This primer serves as an introduction for anaerobic digestion projects debating what type of gas upgrading system is right for their needs.
BioCycle January 2018
Several powerful incentives are driving biogas generators to consider upgrading their biogas to meet standards for pipeline injection and vehicle fuel markets. Producing renewable natural gas (RNG) can create opportunities to monetize lucrative RIN, or renewable identification number, credits under the federal Renewable Fuel Standard and generate carbon credits under state supported low carbon fuel standards.
As each biogas project is unique it can be a challenge to determine the best gas upgrading technology for the given situation. Digester biogas can have varying levels of carbon dioxide (CO2) and elevated hydrogen sulfide (H2S) to address. Landfill gas and gas from covered lagoon digesters can have elevated nitrogen (N2) and oxygen (O2) levels and landfills and municipal wastewater treatment plant (WWTP) digesters have siloxanes that need to be handled.
Biogas Stream Considerations
Biogas is usually fully saturated with water vapor and typically has from 40 to 60 percent methane (CH4) and 40 to 60 percent carbon dioxide (CO2). Finding the proper technology or combination of technologies to upgrade the gas from these modest methane levels up to 99 percent methane can be challenging.

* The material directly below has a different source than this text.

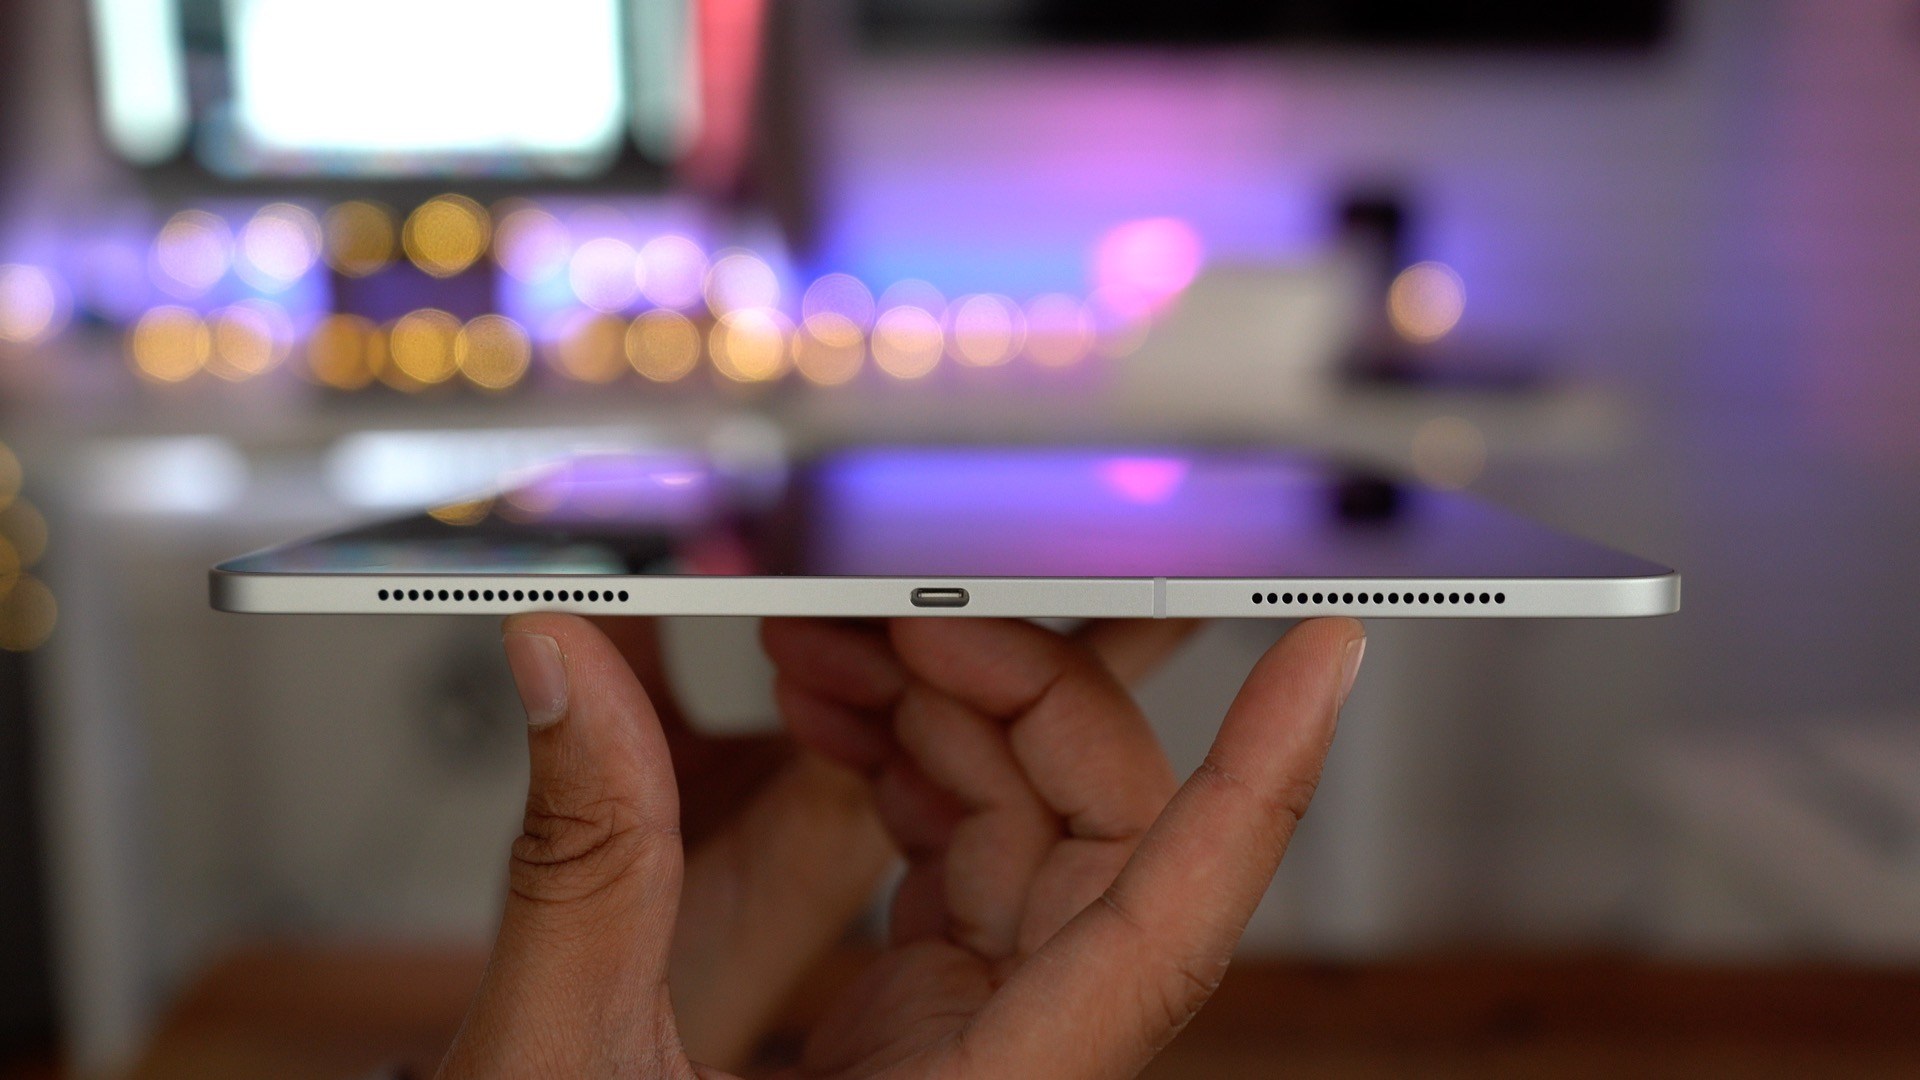 Apple denies its acknowledgement that iPad Pros are prone to bending, says they're perfect
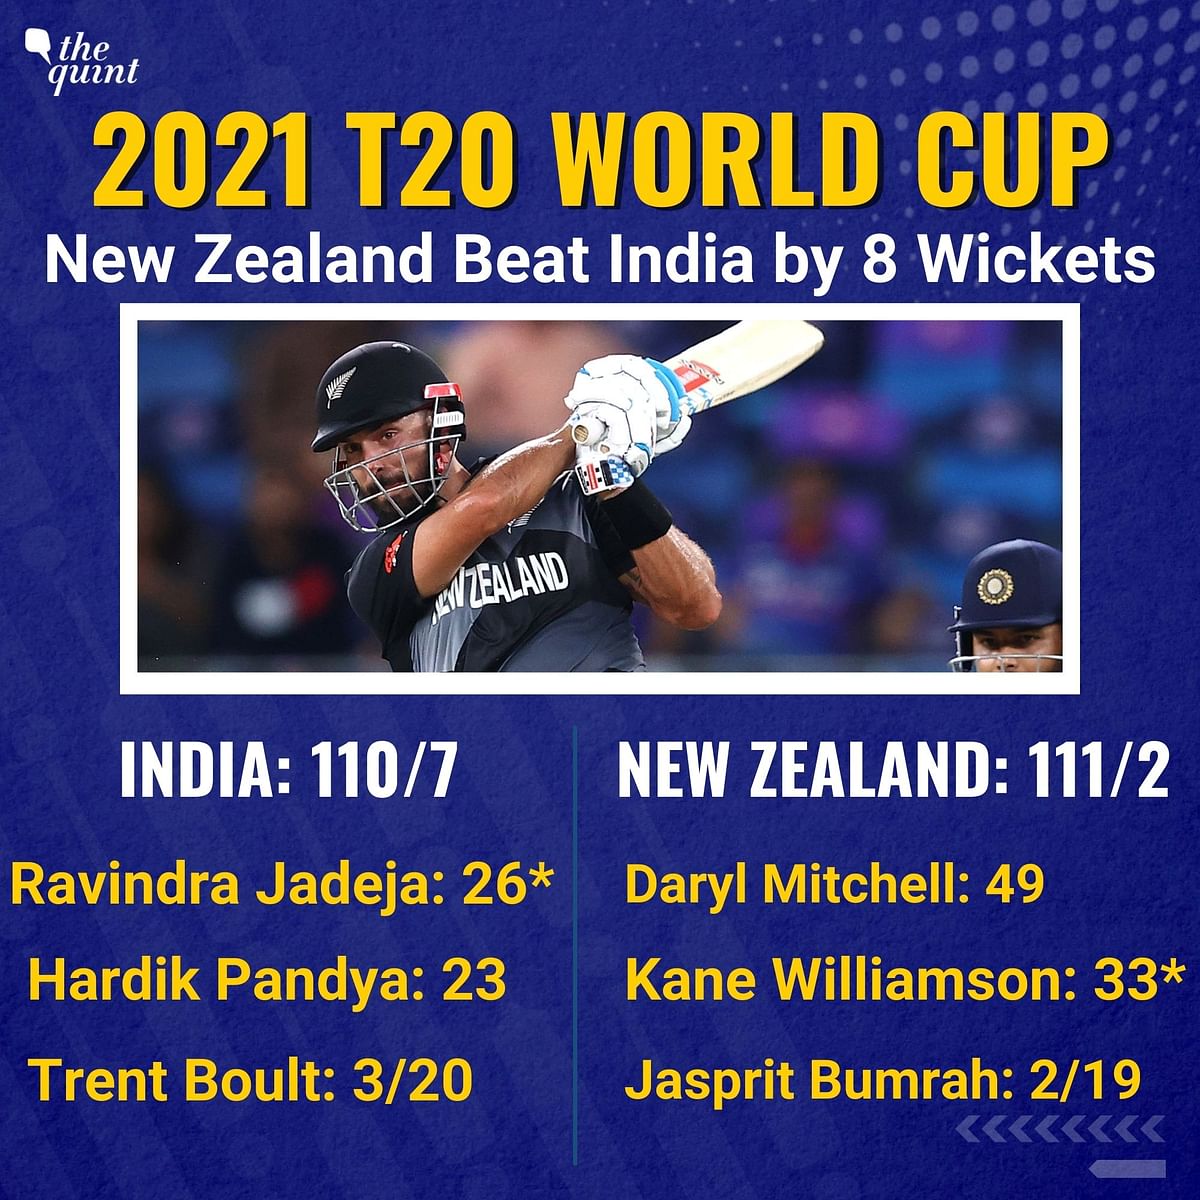 Rohit Sharma batted at No. 3 in T20 World Cup match against New Zealand, who won the game by eight wickets

The main treatment goal of gas upgrading projects is to get the CO2 removed from the biogas to create RNG with 1 to 2 percent CO2. Actual specifications will vary based on end use and the specific requirements provided by the gas utility off-taker.
Selecting an upgrading system that can reliably meet the CH4, O2, CO2, nitrogen and H2S specifications — and perform reliably day in and day out — is critical for a successful relationship with one’s gas off-taker. At times, such as at a new project site, technologies may need to be selected without having extensive biogas characterization data. Selecting a biogas upgrading system that is robust and can handle varying gas quality and quantity and stay within specifications is paramount.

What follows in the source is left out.